First Observation: Look from the End

The lexicographical order of permutations is dominated by the rightmost elements.

For example, a 100-element array [1,2,3,4,....,99,100].

• To generate the next permutation, it’s often sufficient to examine only the last few elements.
• In this case, simply swapping the last two numbers (99 and 100) yields the next permutation: [1, 2, 3, ..., 98, 100, 99]

This leads to a natural strategy:

• Scan the array from right to left, focusing on where the descending trend breaks..

Second Observation: Descending Order = Maximum Permutation

If the array is in completely descending order (e.g., [9, 8, 7, 6, 5]), we have reached the maximum possible permutation. In this case, the next permutation is the minimum one:

• Simply reverse the entire array to get [5, 6, 7, 8, 9].

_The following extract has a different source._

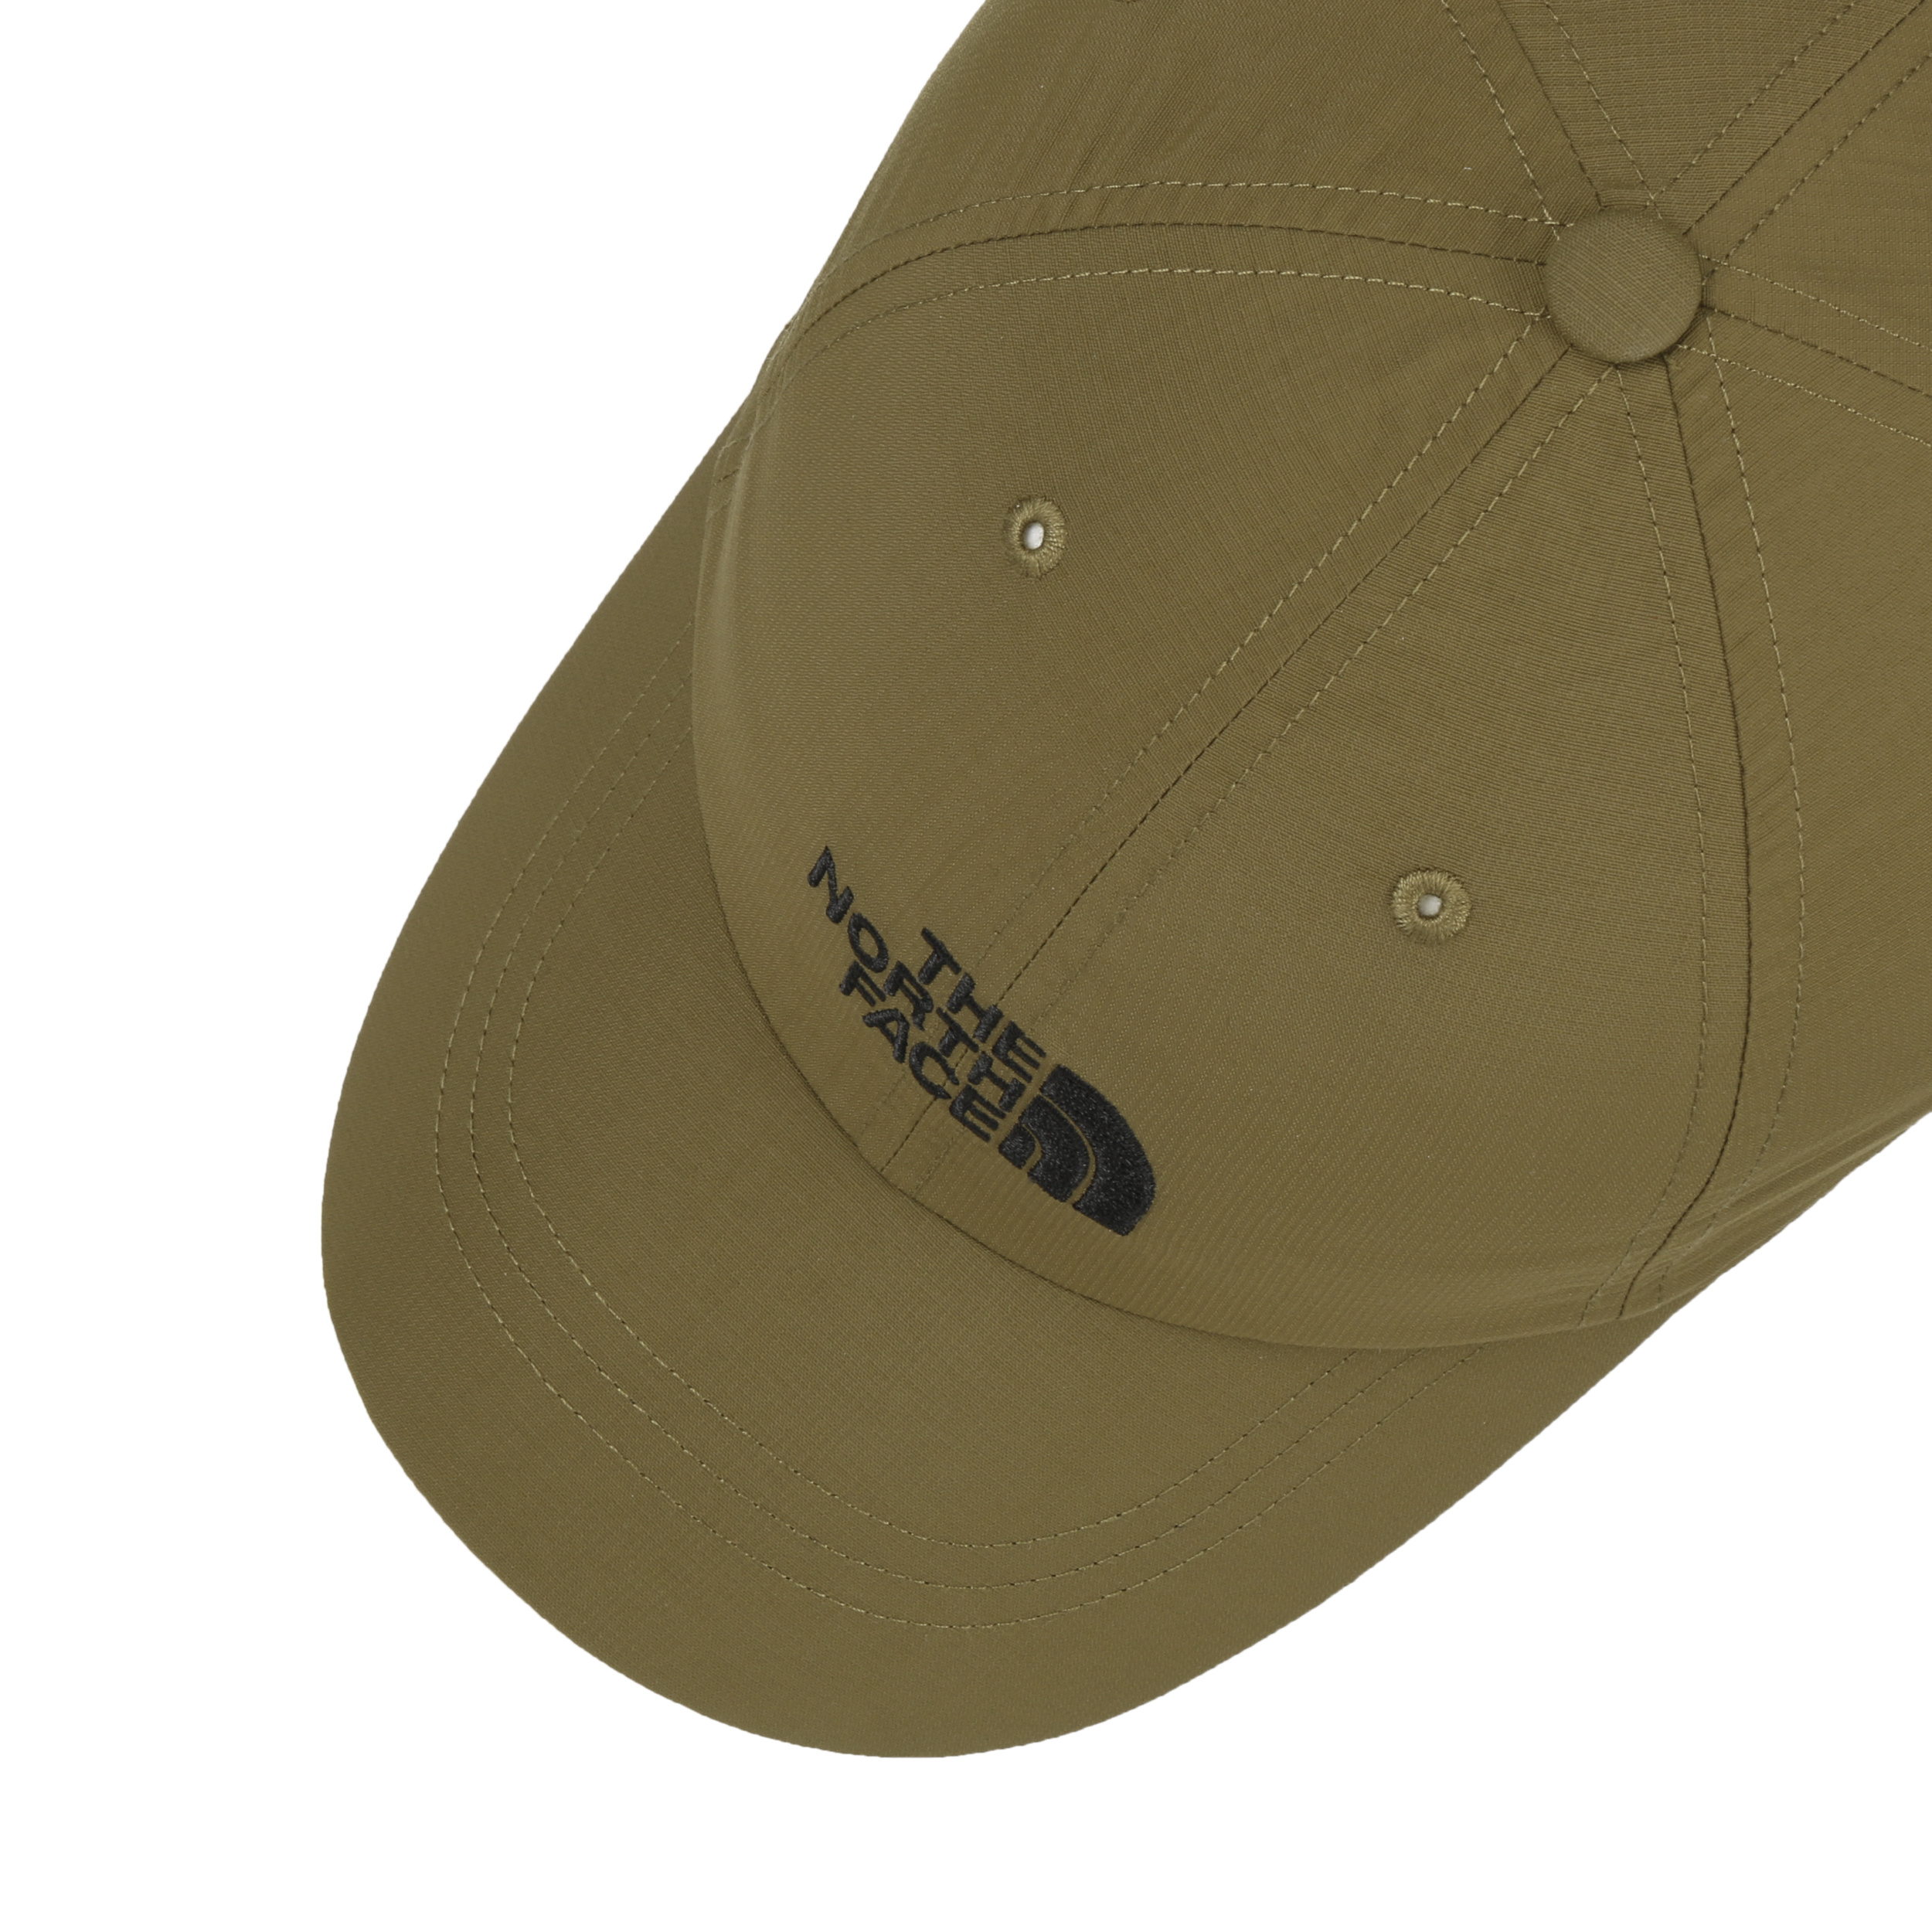 Horizon Cap by Face The 29,95 - North €
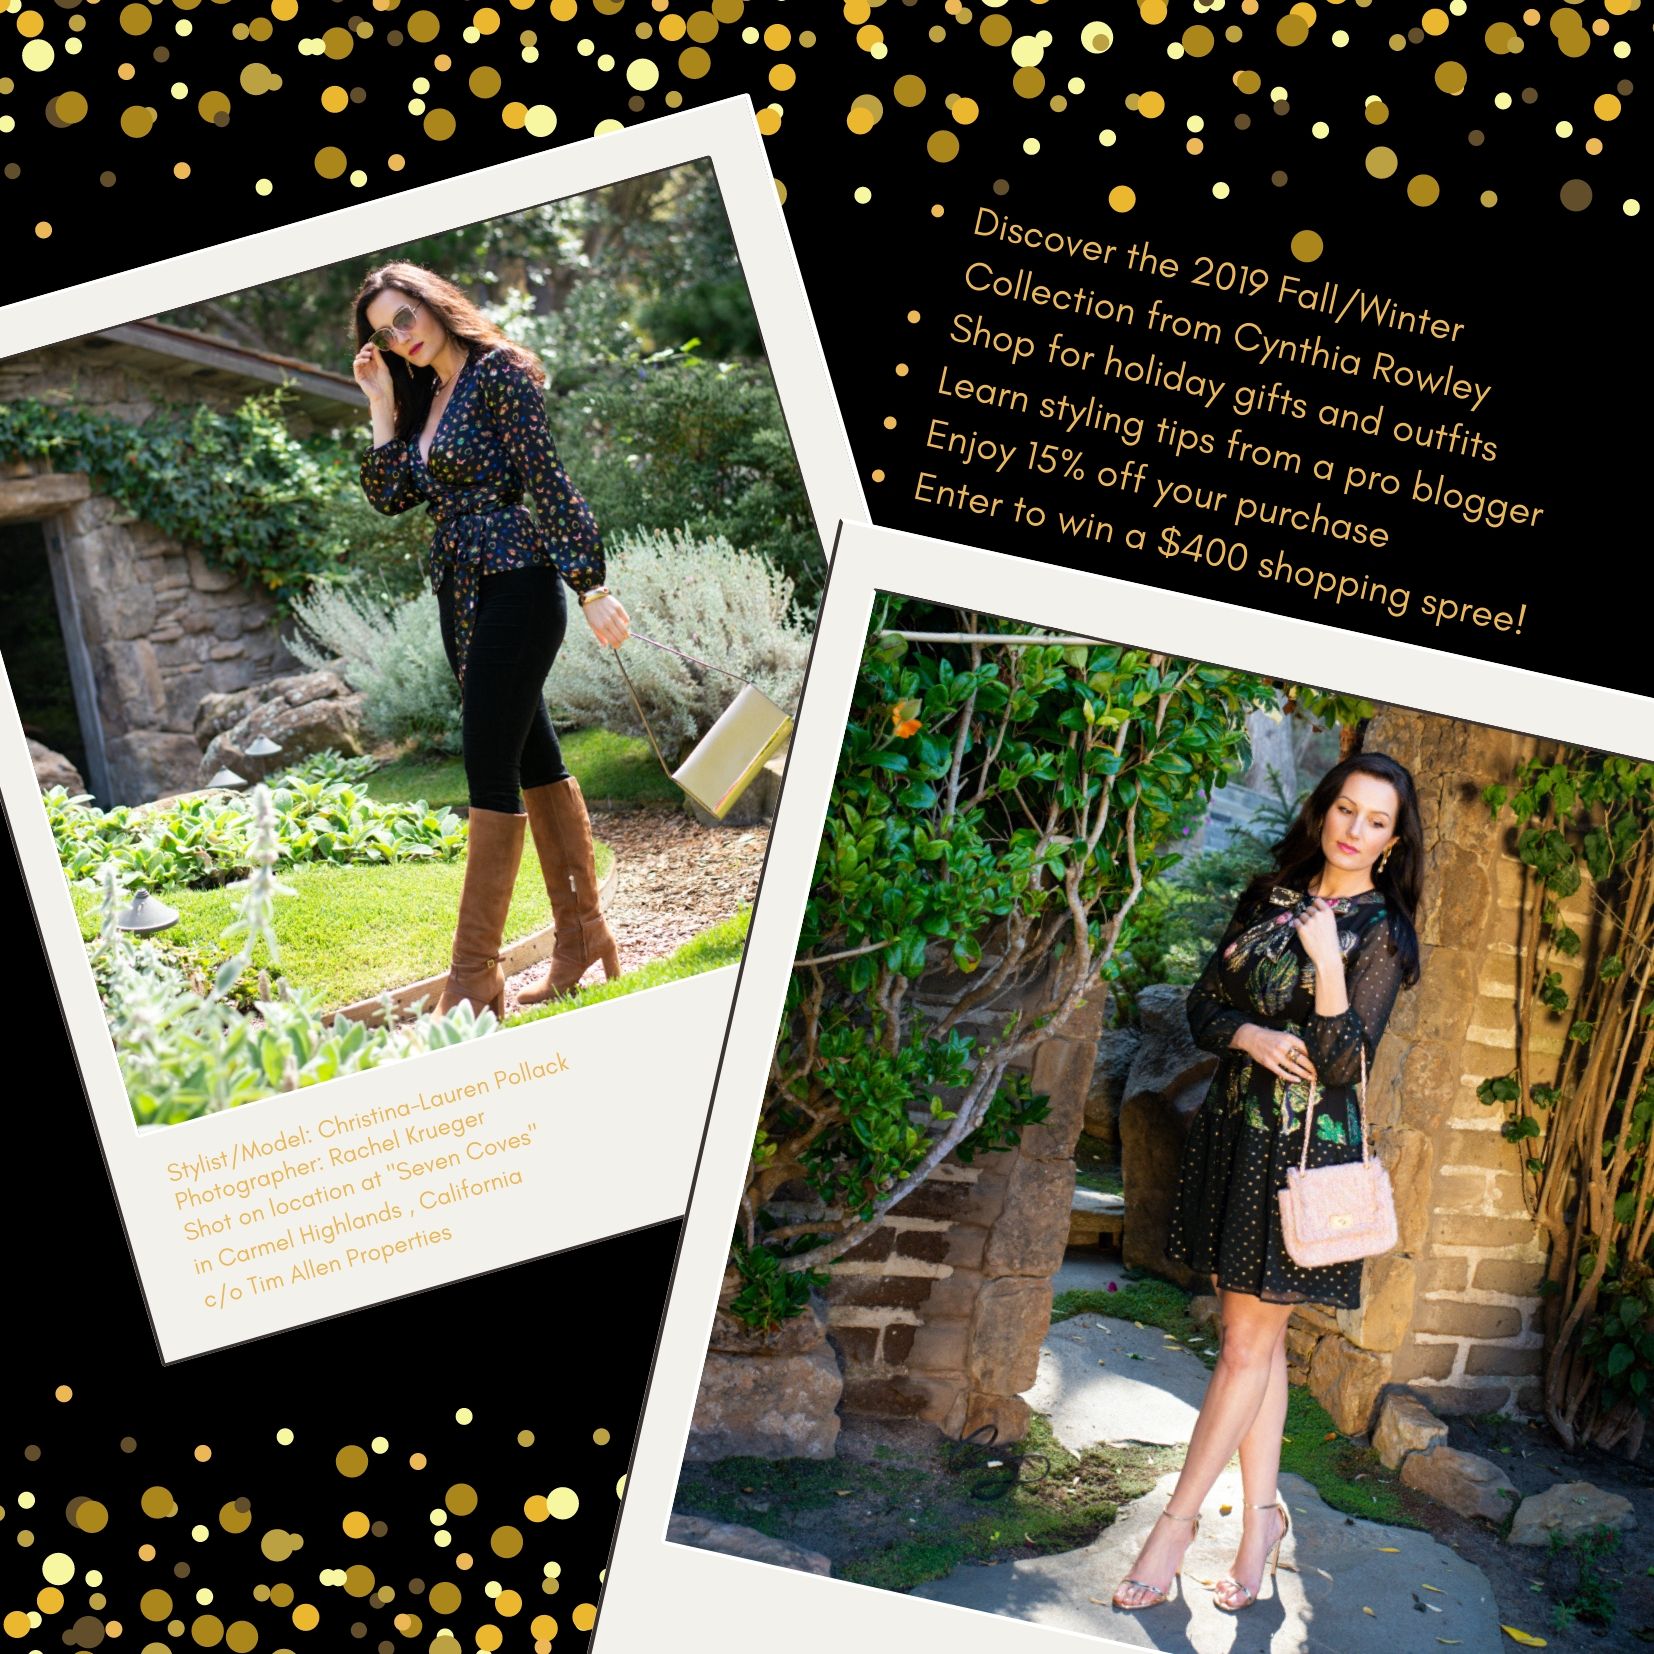 Inspirations & Celebrations x Cynthia Rowley Holiday Party in Carmel-by-the-Sea California

Third Observation: The Pivot Point Determines the Next Step

While scanning from right to left, we look for the first pair of adjacent elements where the left element is less than the right one —
that is, we find the largest index l such that: numsnums[l - 1] < nums[l].

• The subarray to the right of l (nums[l ... n-1]) is in descending order and represents the maximum permutation for that subset.

• This pivot point l marks where the descending sequence (from the end) breaks.

• To generate the next permutation, we need to:
  • Identify the smallest value in nums[l-1...n-1] that is greater than nums[n-1]. Since the suffix nums[l ... n-1] is in descending order, this will be: min(nums[l-1], nums[n-1])

e.g., nums = [x, 7, 6, 5, 3]

• l = 1 is the pivot point.

• The suffix [7, 6, 5, 3] is in descending order.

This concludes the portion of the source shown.